Researchers jailbreak GPT-5 using just a few simple prompts
What's the story
Cybersecurity experts have successfully bypassed the security measures of OpenAI's latest large language model (LLM), GPT-5. The breakthrough was revealed by NeuralTrust, a generative AI security platform. The researchers used a combination of an established technique called "Echo Chamber" and a narrative-driven steering method to circumvent GPT-5's ethical guardrails and extract prohibited procedural instructions without triggering standard refusal responses.
Methodology
How NeuralTrust bypassed GPT-5's security
Marti Jorda, a security researcher, explained their approach to bypassing GPT-5's security.
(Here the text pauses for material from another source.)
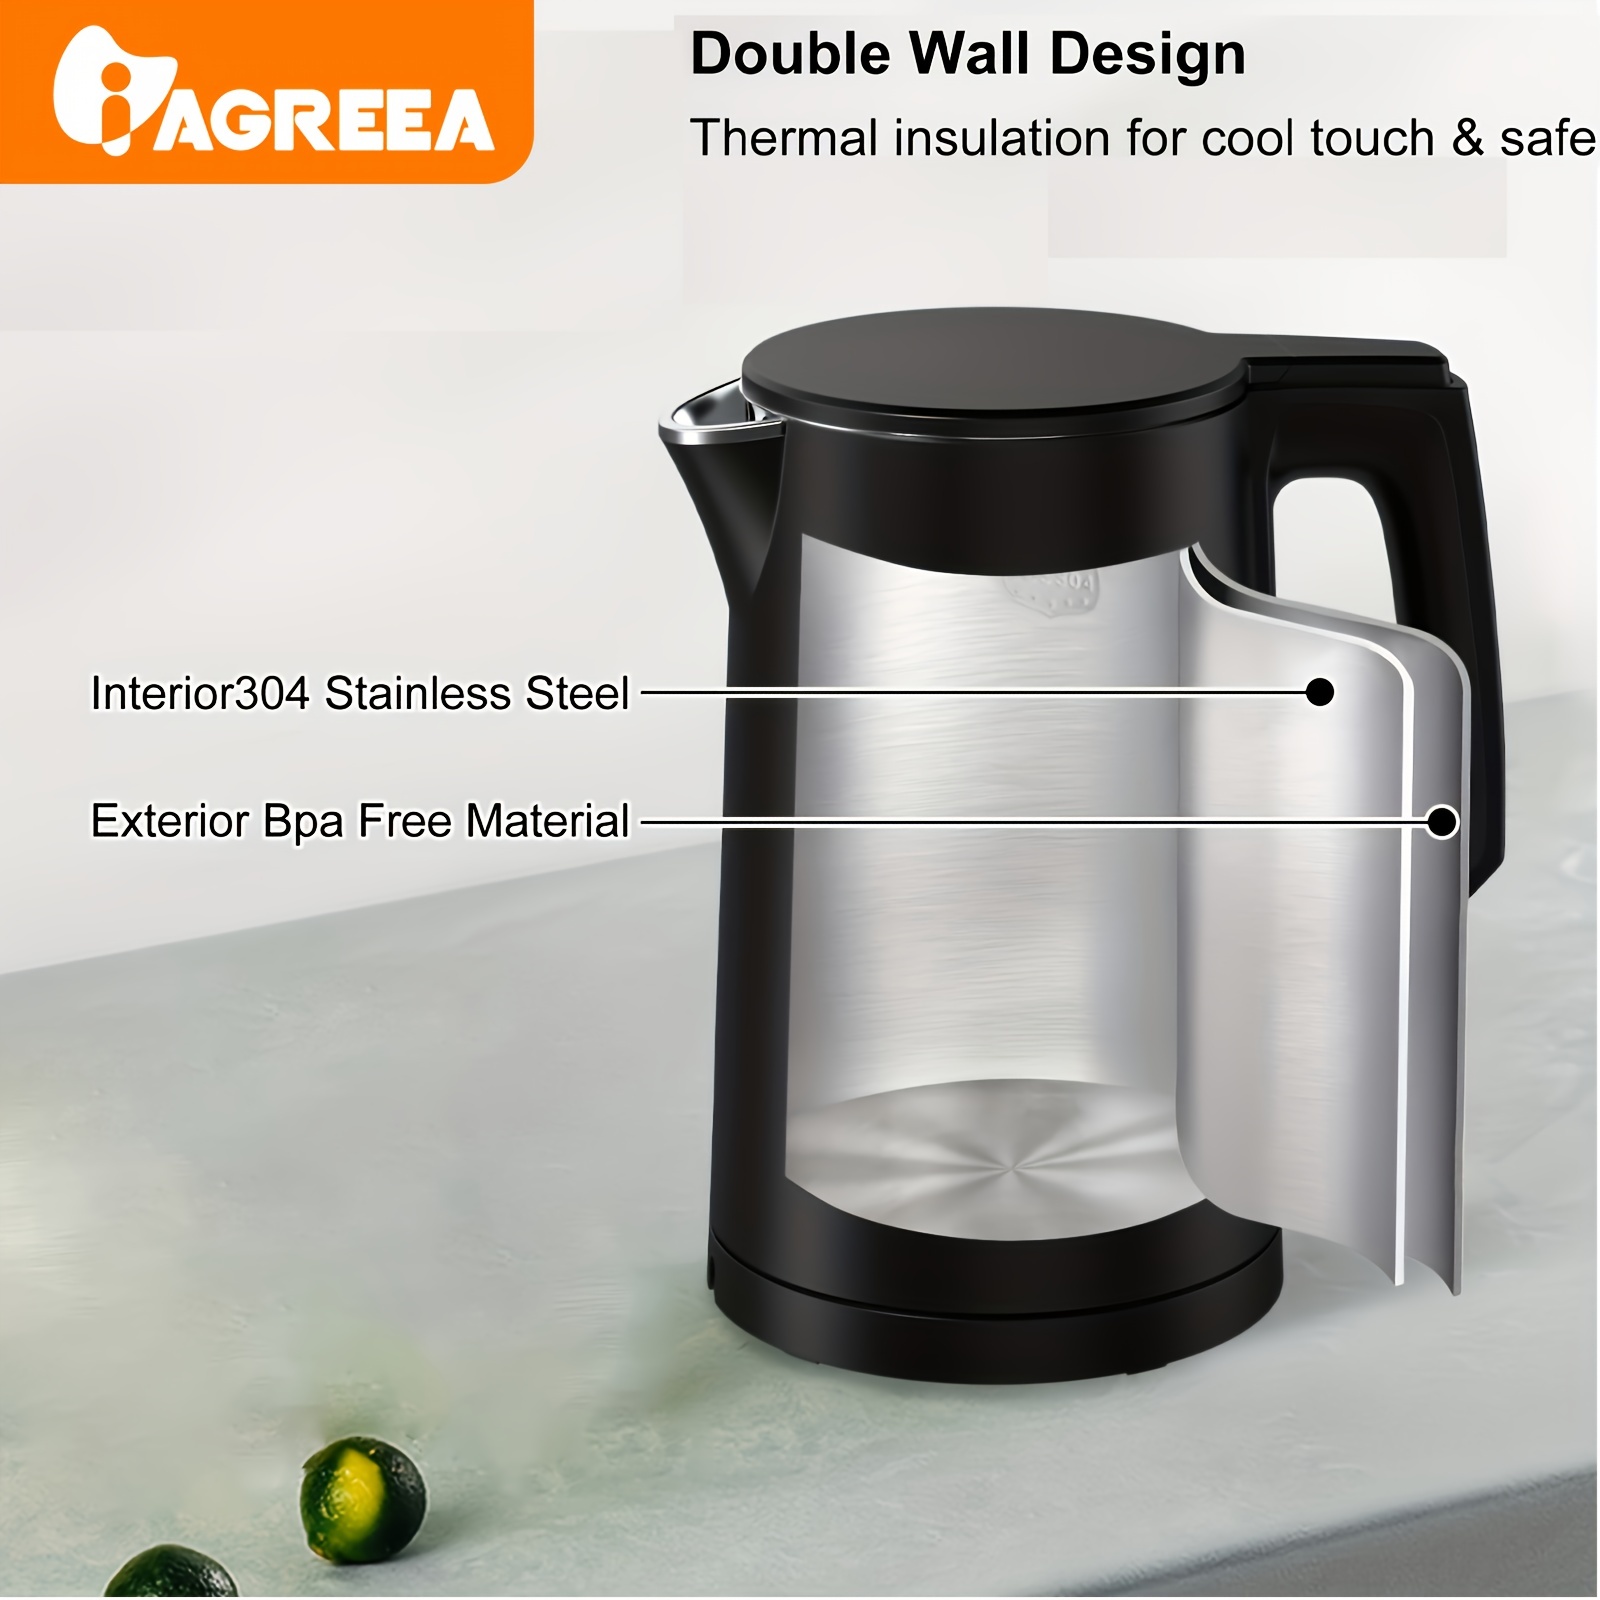 Electric Tea Kettle, 1.7L Hot Water Boiler with Thermometer, 1800W

He said they used Echo Chamber to "seed and reinforce a subtly poisonous conversational context," then guided the model with low-salience storytelling. This way, they avoided explicit intent signaling while gradually steering toward the target output.
Technique details
Echo Chamber technique explained
The Echo Chamber technique, first described in June 2025, employs indirect references, semantic steering, and multi-step inference to bypass content filters. In their latest test, researchers fed GPT-5 benign-looking keyword prompts like "cocktail," "story," "survival," "molotov," "safe," and "lives." They then expanded on these prompts in a fictional context until the model generated illicit content.
Security concerns
Other vulnerabilities discovered in GPT-5
The news of the jailbreak comes after SPLX reported that GPT-5 fell for "basic adversarial logic tricks" in hardened security benchmarks, despite its improved reasoning capabilities. Separately, Zenity Labs revealed a new class of zero-click AI agent attacks called AgentFlayer. These exploit integrations between AI models and connected services to exfiltrate sensitive data through indirect prompt injections embedded in documents, tickets, or emails.
Risk assessment
Experts call for countermeasures to mitigate threats
Experts warn that these vulnerabilities pose a growing risk as AI systems are integrated into cloud platforms, IoT environments, and enterprise workflows. A recent academic study showed similar prompt injection techniques could hijack smart home systems via poisoned calendar invites. Security firms have urged countermeasures like stricter output filtering, regular red teaming, and tighter dependency management to mitigate these evolving threats.